10.000 nouvelles adhésions d’ici le prochain congrès du parti dans trois ans

Le PCF va gonfler ses rangs d’ici 2026

31 mai 2023, par temoignagesceline

Pour gonfler ses rangs, le Parti Communiste Français (PCF)veut faire « réadhérer des communistes au sein des entreprises », et réinvestir les endroits « délaissés par la gauche et la puissance publique ».

Le Parti communiste français vise 10.000 nouveaux adhérents d’ici le prochain congrès du parti en 2026, ont annoncé ses dirigeants à la presse ce 30 mai, espérant notamment "se restructurer dans des endroits délaissés par la gauche".

"Le PCF lance une campagne d’adhésion à partir de septembre", a indiqué le porte-parole Ian Brossat. "Nous visons 10.000 adhésions d’ici le prochain congrès, on est bien partis", a indiqué Léon Deffontaines, qui va quitter la direction des Jeunes communistes le 31 mai pour se charger de cette campagne, et devenir cadre au sein de la direction du PCF.

Pour atteindre ce nombre, le parti a deux objectifs :

  • "faire réadhérer des communistes au sein des entreprises". Et ce, tant dans les sections PCF déjà existantes dans plusieurs entreprises du service public, comme la RATP, la SNCF ou La Poste, que dans les entreprises privées
  • "se restructurer dans des endroits délaissés par la gauche et la puissance publique", où le Rassemblement national prospère, a ajouté Léon Deffontaines.

Ian Brossat et Léon Deffontaines ont rappelé que le parti, qui a perdu de son influence et de nombreux élus ces dernières décennies, avait enregistré 3000 adhésions depuis janvier. La conséquence de la bataille des retraites et de la notoriété de leur secrétaire national Fabien Roussel, selon eux.

Mais "on n’a pas encore recensé" les adhérents qui ont quitté le parti dans le même temps, a admis Léon Deffontaines. Le PCF compte 45.000 adhérents à jour de cotisation, un chiffre comparable au Parti socialiste et ses 41.000 adhérents recensés en janvier.

Le PCF et la NUPES

Concernant la NUPES, le chef du PCF, Fabien Roussel, a assuré qu’il ne souhaitait pas la quitter, appelant à ce que la coalition de gauche "accepte les choix de chaque force politique".

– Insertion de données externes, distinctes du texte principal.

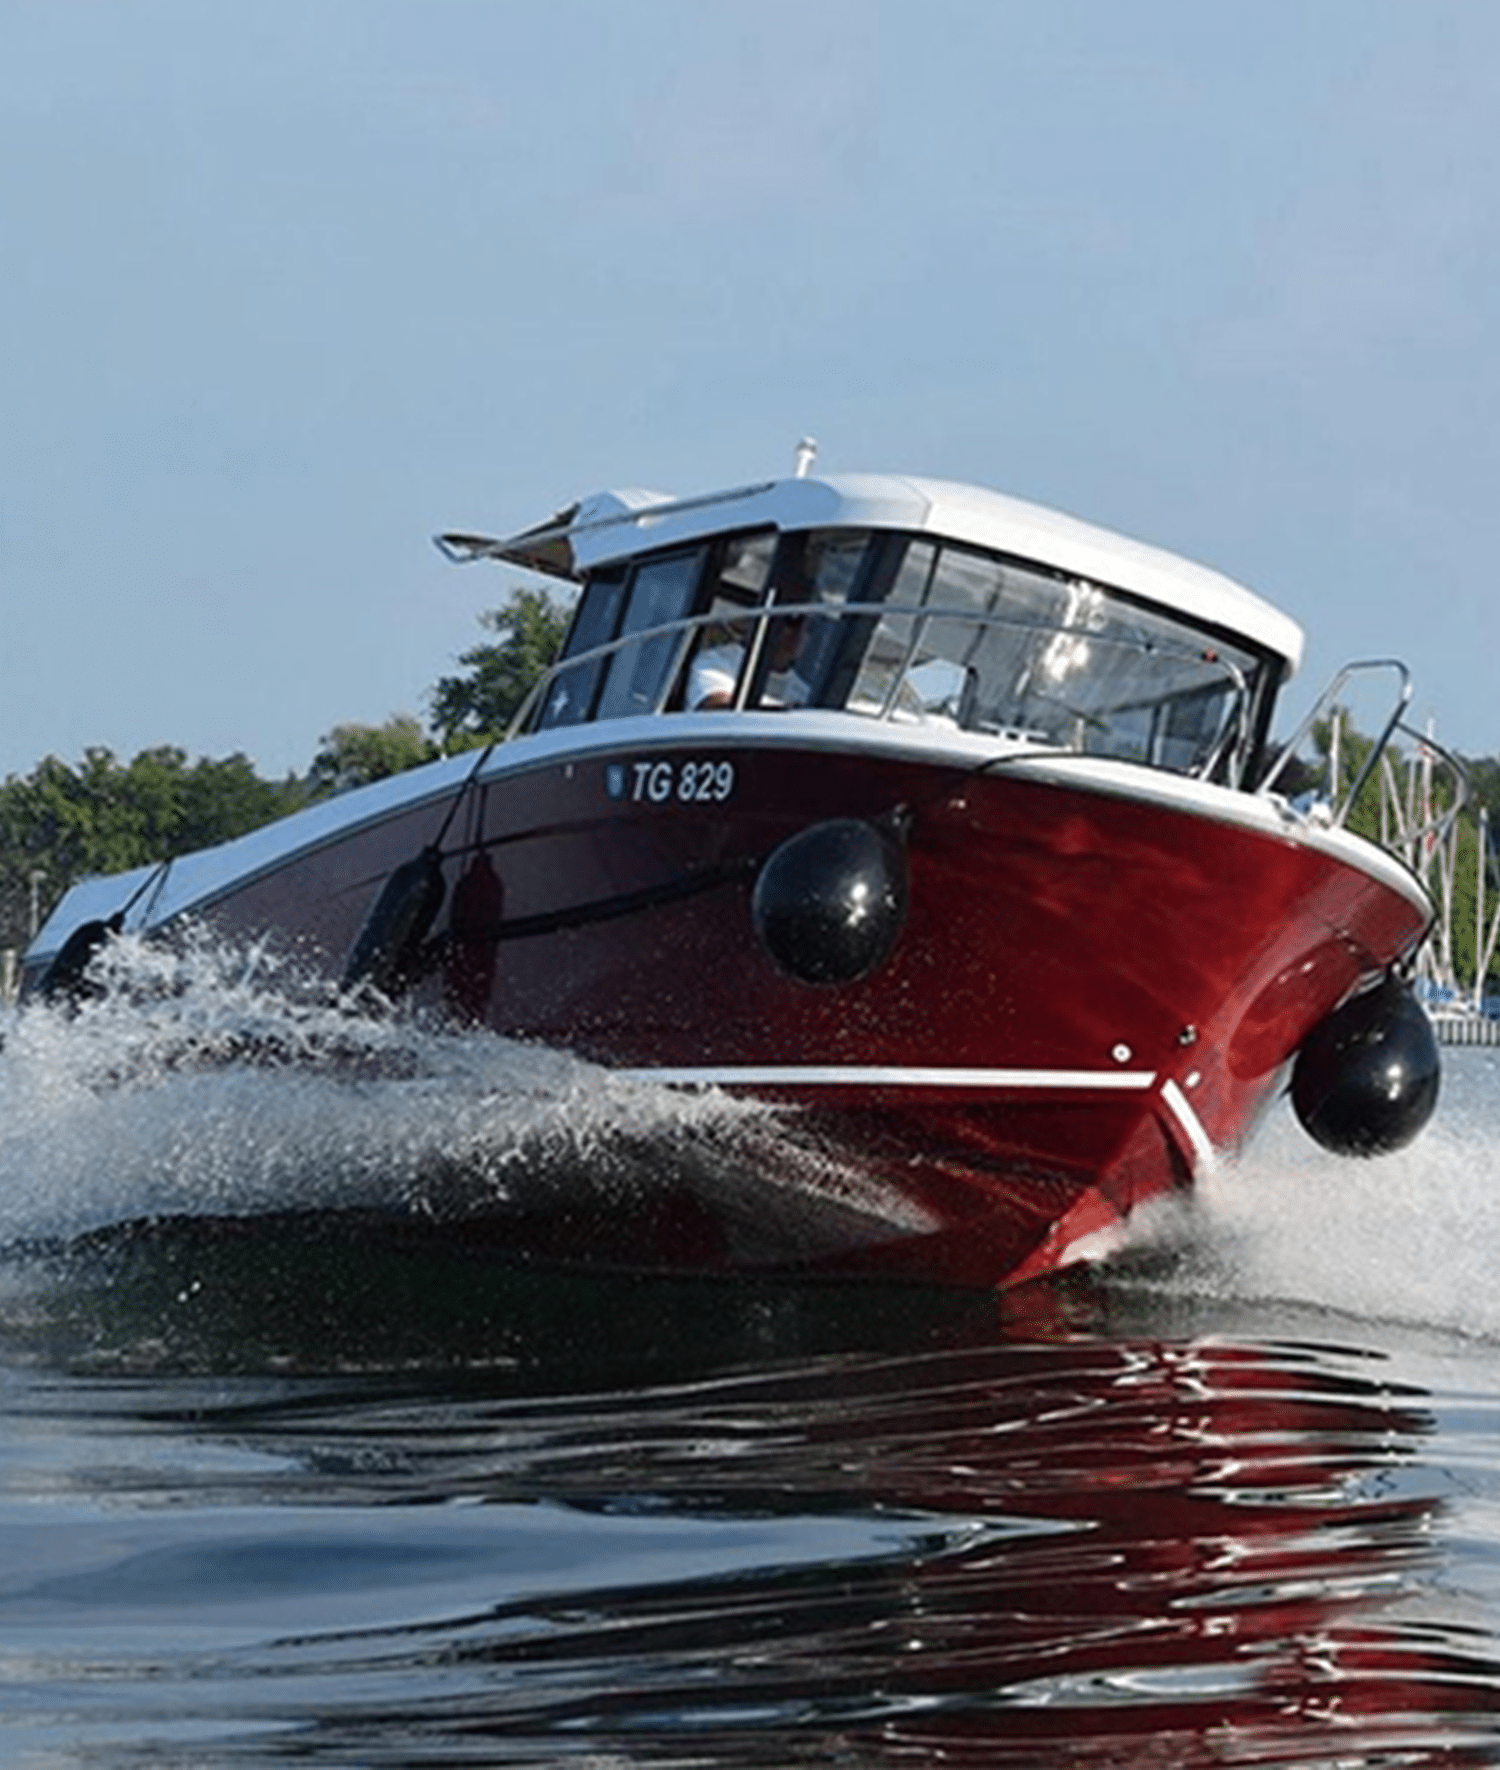 قایق-&-فروش-قایق&مارینا-کیش7ماریناکاسپین&مکیندریا&مکین-دریا-کاسپین

"J’ai dit effectivement que la Nupes c’est pour moi autant une perspective d’espoir, parce qu’on a construit beaucoup ensemble, mais c’est aussi un boulet si ça nous tire vers le bas, si ça nous enferme dans des constructions politiques incontournables", a-t-il expliqué.

D’autant plus qu’"on ne peut pas y dire ce que l’on pense, c’est un boulet, une camisole, un carcan". Fabien Roussel souhaite au contraire "élargir" l’alliance de gauche.

Selon lui, la Nupes doit d’abord se focaliser sur "le mouvement social historique contre les retraites", avant de songer aux élections européennes, puis à la présidentielle de 2027. Ce dernier souhaite réunir "les 250 parlementaires qui ont signé le référendum d’initiative partagé" (RIP), afin de "chercher au-delà de la Nupes" et prendre "ensemble des initiatives".

Ce dernier assuré que les "forces politiques, syndicats, associations, élus" pourraient s’unir pour préparer "une votation citoyenne nationale, un référendum populaire".